Ecoutez le Dr Séverine Alran, responsable de l’unité de chirurgie ambulatoire à l’Institut Curie : « C’est une réorganisation pluridisciplinaire et pluriprofessionnelle. L’ambulatoire ne se conçoit que dans une énergie collective. »

 

Un patient plus « éduqué »

Autre avantage de l’ambulatoire : le patient se situe au cœur du parcours de soins. « On donne des connaissances au patient, on ne l’infantilise pas », souligne le Dr Alran. « On ne fait pas de l’éducation thérapeutique au sens où l’entend la Haute Autorité de Santé, mais on fait un accompagnement d’apprentissage : on délivre de l’information, on explique dans quelles conditions il faut appeler », complète le Dr Frédéric Beurrier, chirurgien au Centre Léon-Bérard de Lyon, contacté par pourquoidocteur.

 

Le spectre d’application de l’ambulatoire est très large : la majorité des patientes bénéficient d’un « traitement conservateur » (ablation de la tumeur et des tissus l’entourant, sans mastectomie), mais on peut envisager une prise en charge en hôpital de jour des femmes qui subissent une mastectomie. L’Institut Curie le réalise, uniquement sur demande des patientes. Le centre Léon-Bérard l’a également testé. « Techniquement, le test a été probant, mais il y a une limite psychologique », tempère le Dr Beurrier. « L’impact sur l’image corporelle est très difficile. » L’élargissement de l’indication n’est donc pas à l’ordre du jour, d’autant plus qu’il sera nécessaire de développer des méthodes anesthésiques moins lourdes, selon le Dr Alran. En revanche, le curage axillaire pourrait rapidement être réalisé en ambulatoire.

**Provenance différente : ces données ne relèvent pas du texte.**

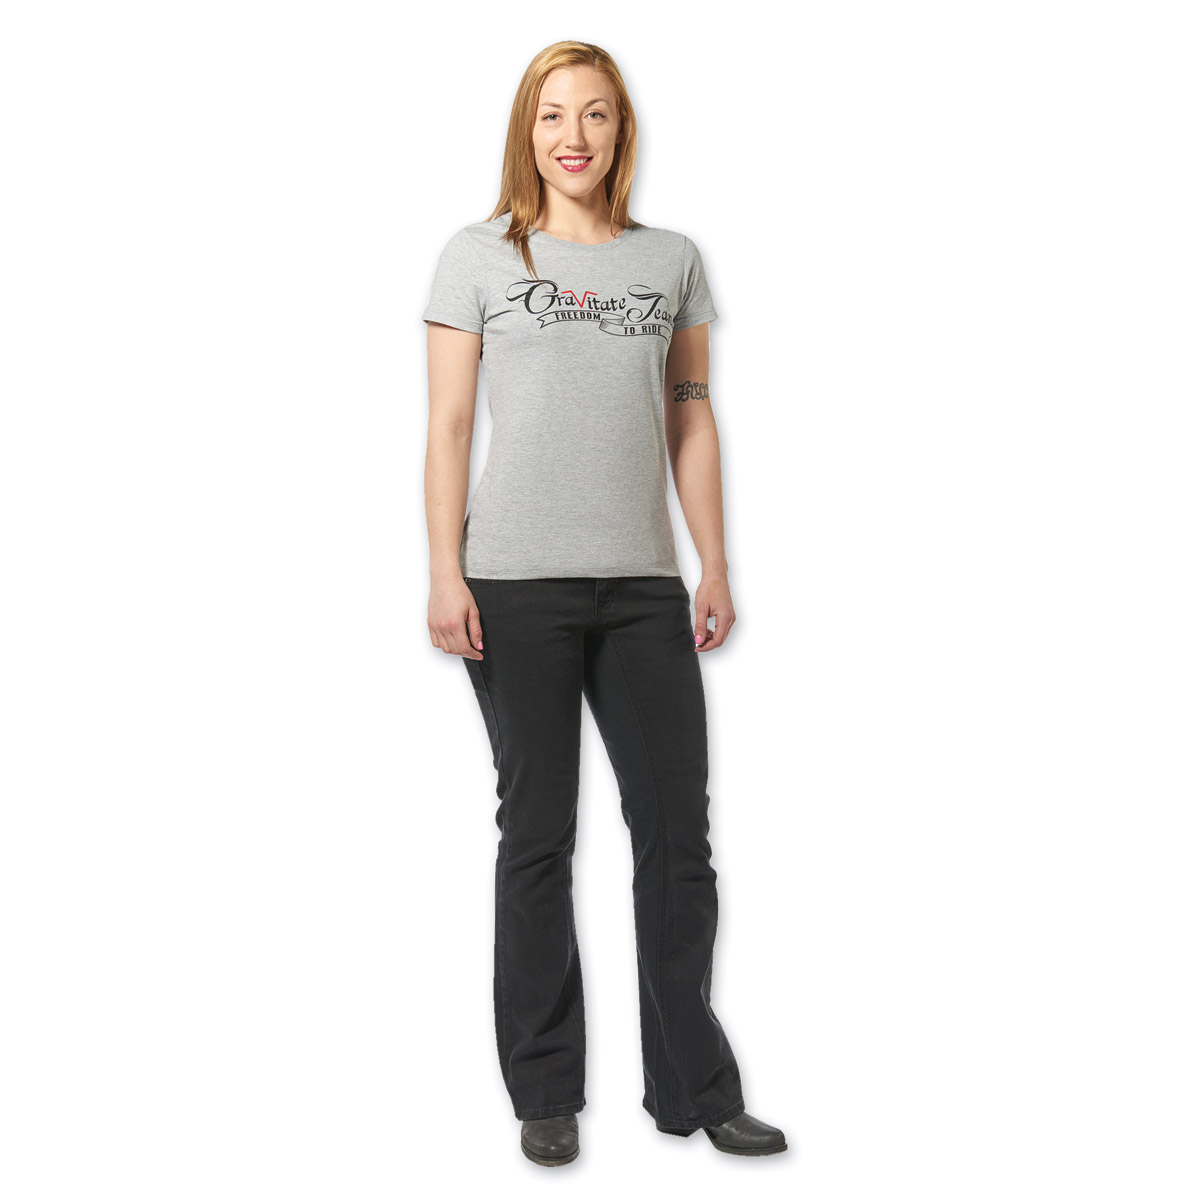 Gravitate Women's Black Motorcycle Jeans

Les chiffres eux-mêmes penchent en faveur de la généralisation de l’ambulatoire dans la chirurgie du cancer du sein.

 

Ecoutez le Dr Séverine Alran, responsable de l’unité de chirurgie ambulatoire à l’Institut Curie : « On a un taux de ré-hospitalisation inférieur à 1 % et aucun cas d’infection du site opératoire. »

 

Quant aux patientes, leurs retours sont également positifs : 95 % des patientes interrogées par l’Institut du Cancer de Montpellier se sont dites satisfaites de leur expérience. « Les retours sont extrêmement favorables », s’enthousiasme le Pr Rouanet. Un avis partagé par les autres chirurgiens, mais aussi les patients eux-mêmes : selon un récent sondage, 80 % des Français plébiscitent la chirurgie ambulatoire, et autant la jugent préférable en cas de cancer. Et pour cause : tous les médecins s’accordent à le dire, rentrer chez soi après une intervention sur une tumeur relativise la gravité de la maladie.